Infine, e non da ultimo, dalle tue considerazioni traspare una valutazione negativa nei confronti del turismo, si tratti addirittura anche di turismo sostenibile. E anche qui mi trovi profondamente in disaccordo. C’è in quel che dici una malcelata condanna della vacanza, come si trattasse di attività connessa al lusso e poco ai bisogni. Vacanze e turismo sono una necessità, un’esigenza, un diritto (le ferie sono addirittura un obbligo!), una conquista di civiltà: il turismo di massa ha fatto danni irreparabili e i paesaggi di Goethe erano probabilmente più suggestivi, ma con lo sguardo rivolto all’indietro non si procede.

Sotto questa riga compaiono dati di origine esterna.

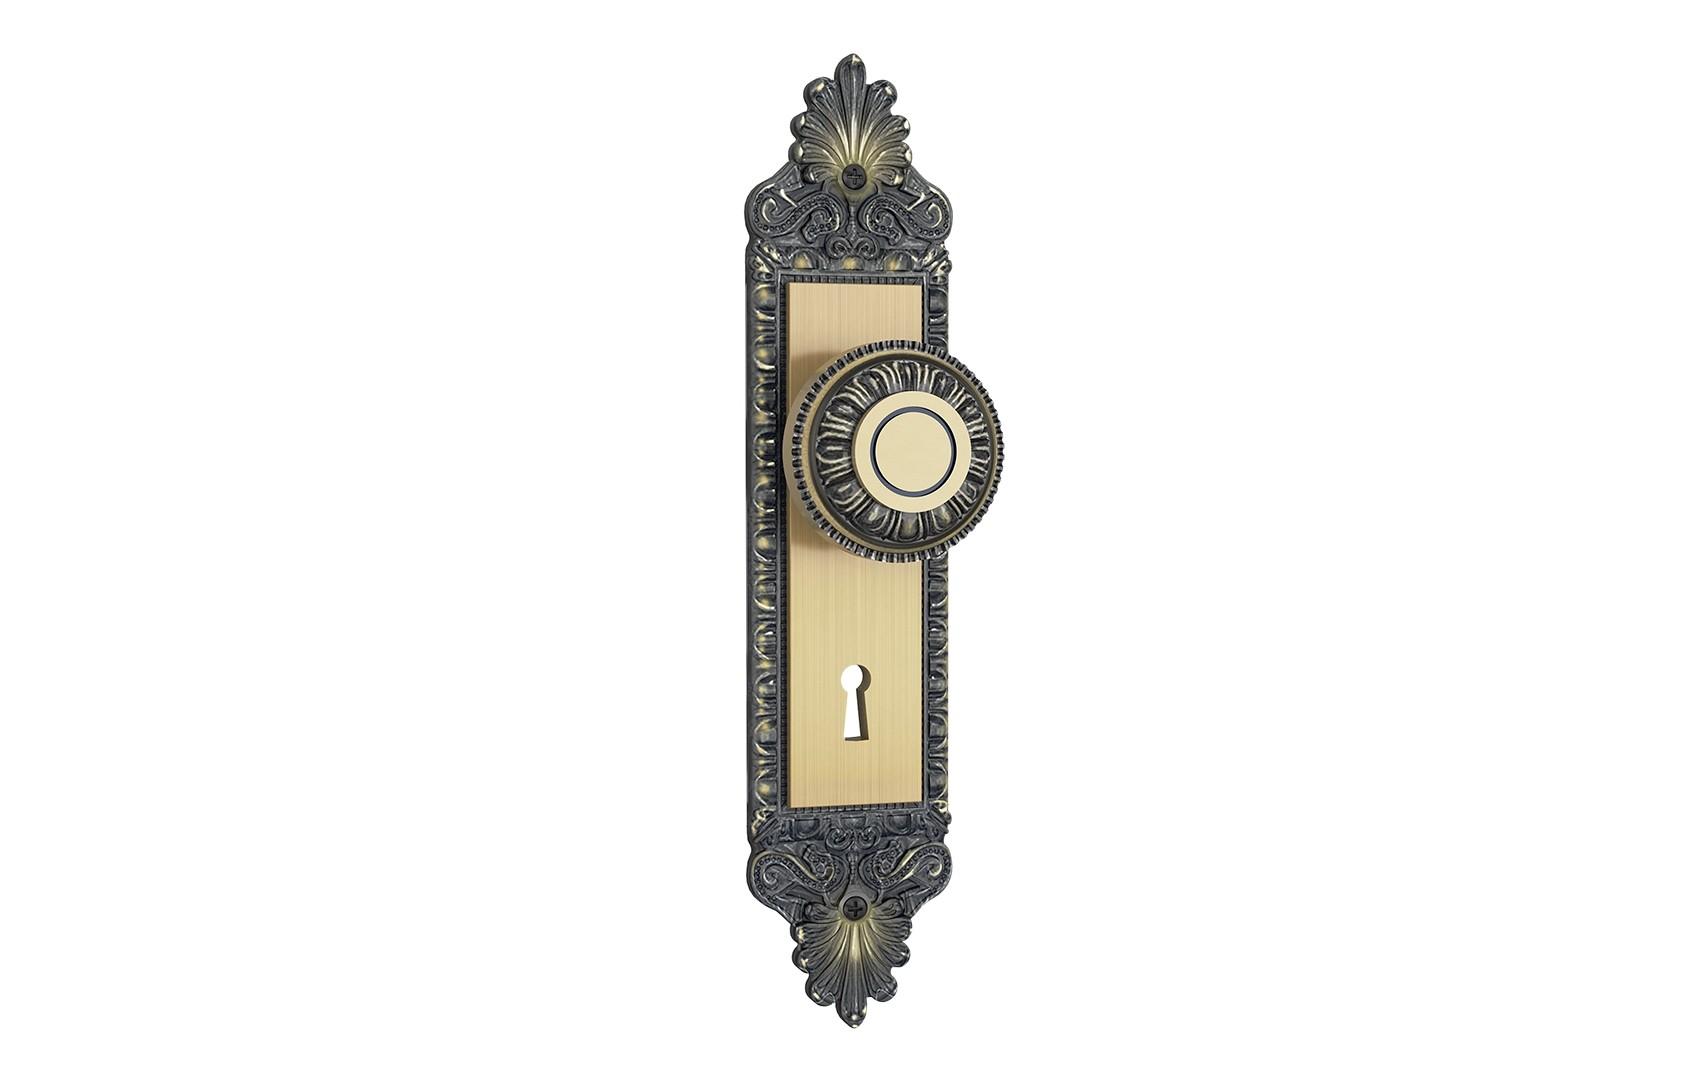 Fechadura Interna Espelho Colonial Maçaneta Bola 813/04 Stam

Sono d’accordo naturalmente a fissare limiti, criteri d’accessibilità, numeri chiusi e quant’altro serva a vincolare la fruizione di territori delicati come le aree protette, purché i criteri di selezione non facciano riferimento né al censo né alla fedina penale. Per anni l’Asinara è stato luogo di pena e di dolore, ha ospitato criminali e agenti penitenziari, poi il Parco ha liberato quel territorio, ne ha tolto i vincoli, lo ha reso finalmente accessibile a tutti. Alla faccia dei parchi chiusi! Ai gestori il compito di definirne le modalità di fruizione, ma la partita è questa e non si torna indietro. È un compito difficile, ma chi ha detto che gestire i parchi sia un mestiere facile?

Un saluto affettuoso

Sebastiano Venneri – Responsabile Turismo Legambiente

 

P.S.: quanto sopra è frutto di mie considerazioni personali non discusse all’interno di Legambiente, associazione della quale Enzo è pure autorevole membro. Intendevo solo dare seguito a un dibattito interessante, e spero anche utile per chi legge, nel solco della massima di Lippmann che recita: “dove tutti pensano allo stesso modo, nessuno pensa granché”.